Throughout Joe The King, there is a slow, airy quality that seems to imply a remake. Each moment has a reminiscent nostalgia, as if the film is trying to remind you of something else, of another movie.
It reminded me of films of the new wave — movies made on a shoestring budget, shot on real locations, and made by non-name-brand actors. In particular, it looked like The Little Fugitive and The 400 Blows, both of which dealt with poor children who led their lives quite apart from their parents. (Both were also a little aimless, like Joe the King, being more about character than plot.)
The Little Fugitive, 1953, Morris Engel, an American New Wave film about two brothers who spend a weekend lost without their parents at Coney Island.
Joe is introduced in the first couple shots. After the camera roams across a noisy schoolyard, it spots a solitary kindergartner hunched around the corner, smoking a cigarette. Inside, Joe’s teachers ridicule him, finally inflicting the ultimate humiliation on him: forcing him to admit that his father is the school janitor.
His father Bob (Val Kilmer, sporting a big gut that gets its own closeups) is a drunken, overbearing, abusive father. He loves his boys, but he’s better at hitting than at hugging. He sees his children as a resource to be used however he sees fit.

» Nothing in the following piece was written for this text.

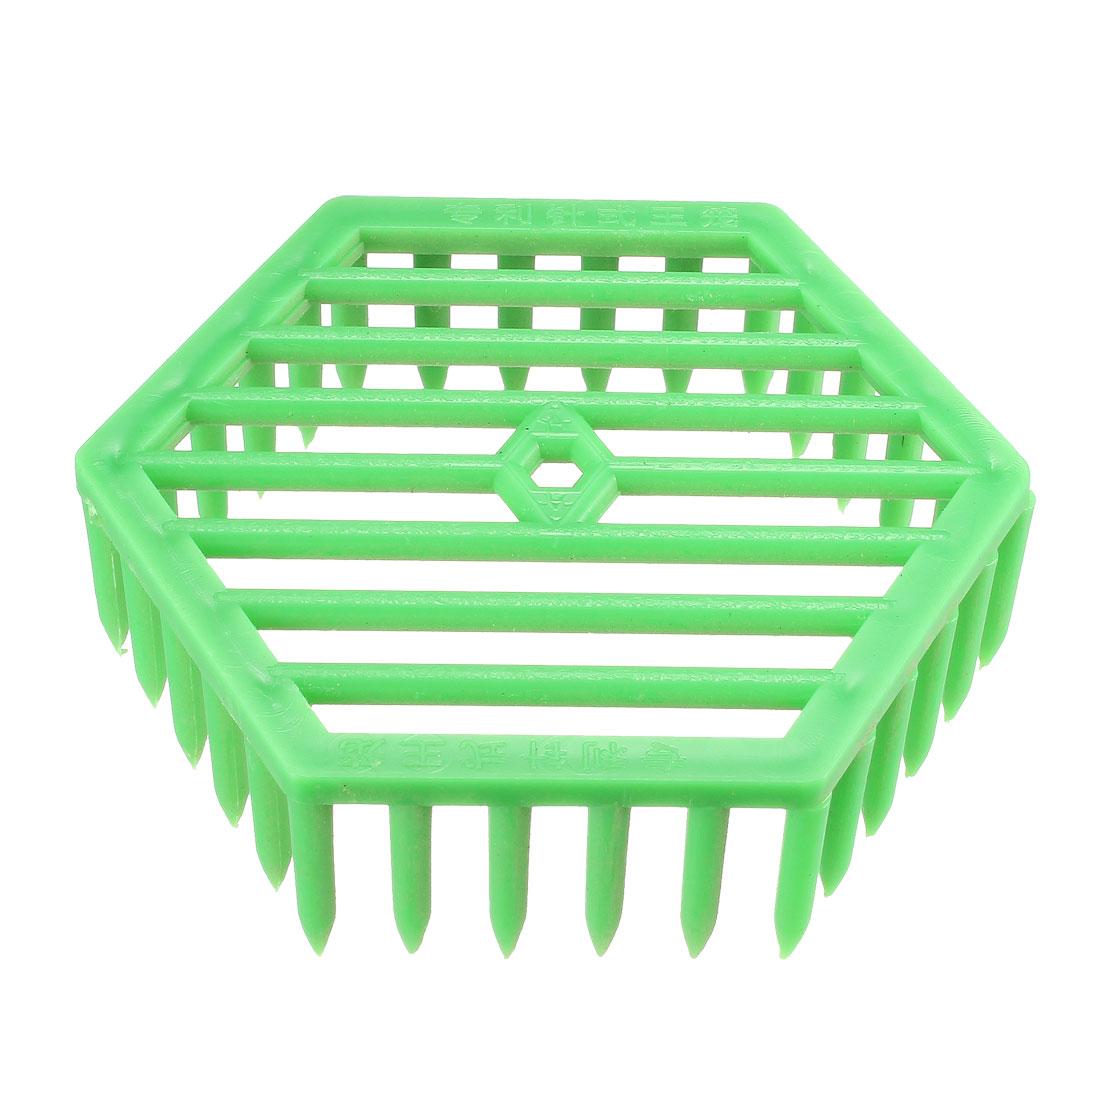 Bee Queen Cage Beekeeping Tool Plastic Equipment Hexagonal,Green 2.48inch Length

Bob is married to Theresa (Karen Young), Joe’s disconnected mother. She’s often not home, leaving Joe to deal with his father by himself. She’s more the idea of a mother, than an actual mother.
Joe’s kindergarten days only last a few scenes at the beginning. During the rest of the movie he’s about 13 years old (played by Noah Fleiss). He has a job washing dishes after school, and when he’s not working he hangs out with Ray (James Costa), his supportive friend with the overbite, and Mike (Max Ligosh), his older brother who tries to deny his poverty.
To the world around him, Joe is a no-good hoodlum. Joe is not above shoplifting, stealing, or random acts of vandalism when he’s bored.
The audience, however, gets a different perspective. True, he does antisocial things, but his motives aren’t cruelty or hatred, they are poverty, stifling parents, and prejudice. In a world where poor kids are accused, beaten, or at best, ignored, a few cases of petty crime don’t seem so criminal. Joe is never evil, he’s just looking out for himself.
Like The 400 Blows, Joe the King is said to be semi-autobiographical. But Truffaut presented his childhood candidly and with some sense of fun; of kids being kids. It’s presented from the child’s point of view. In contrast, Whaley seems to be apologizing for his misdeeds, making excuses for his thuggery. It’s presented from the remorseful grownup’s point of view.
For example, Joe’s teachers are cruel to the point of comic exaggeration. They were the teachers of Whaley’s colorful memories. The movie forces us to see them through his eyes. On the other hand, in The 400 Blows, Antoine’s teacher, just as cruel, was well-represented as a real human being. In both cases we understand that the teacher was unfair, but in Whaley’s version, we have to take his word for it. In The 400 Blows, we see for ourselves. Truffaut’s presentation is all the more convincing because it asks the audience to empathize, not just sympathize.
In another example, one of the movie’s stronger metaphors makes an excuse for Joe’s misbehavior. It says the reason Joe was bad is that he never got any nourishment — literally and figuratively.
Although he works at a restaurant, and is often ordered to bring home food for the family, Joe never gets any serious food. He steals Ho-Hos, not very nourishing to start with, and is then forced to share them with all the other kids. He eats a few scraps from the dishes he has to wash. At home the Tupperware contains unidentifiable, rancid gobs and the milk bottles have only spoiled milk. On his “last day on Earth,” so to speak, he orders a gigantic meal, alone, from a diner, then takes one look at the happy, normal family in the next booth and barfs his only bite. It’s not until the end, when he’s able to apologize to his mother, that he finally is able to eat something nourishing.
I’m a sucker for a good filmed metaphor. But ironically, this metaphor represents what I disliked most about the movie, namely, that it makes excuses for its hero. It’s a big, elaborate way of say “it’s not my fault.”
Ultimately, I give it the “thumbs up” because of its intelligent structure and editing. It’s not for all tastes because it’s a little slow and aimless. But it’s not a bad indie film and it’s a pretty good character study.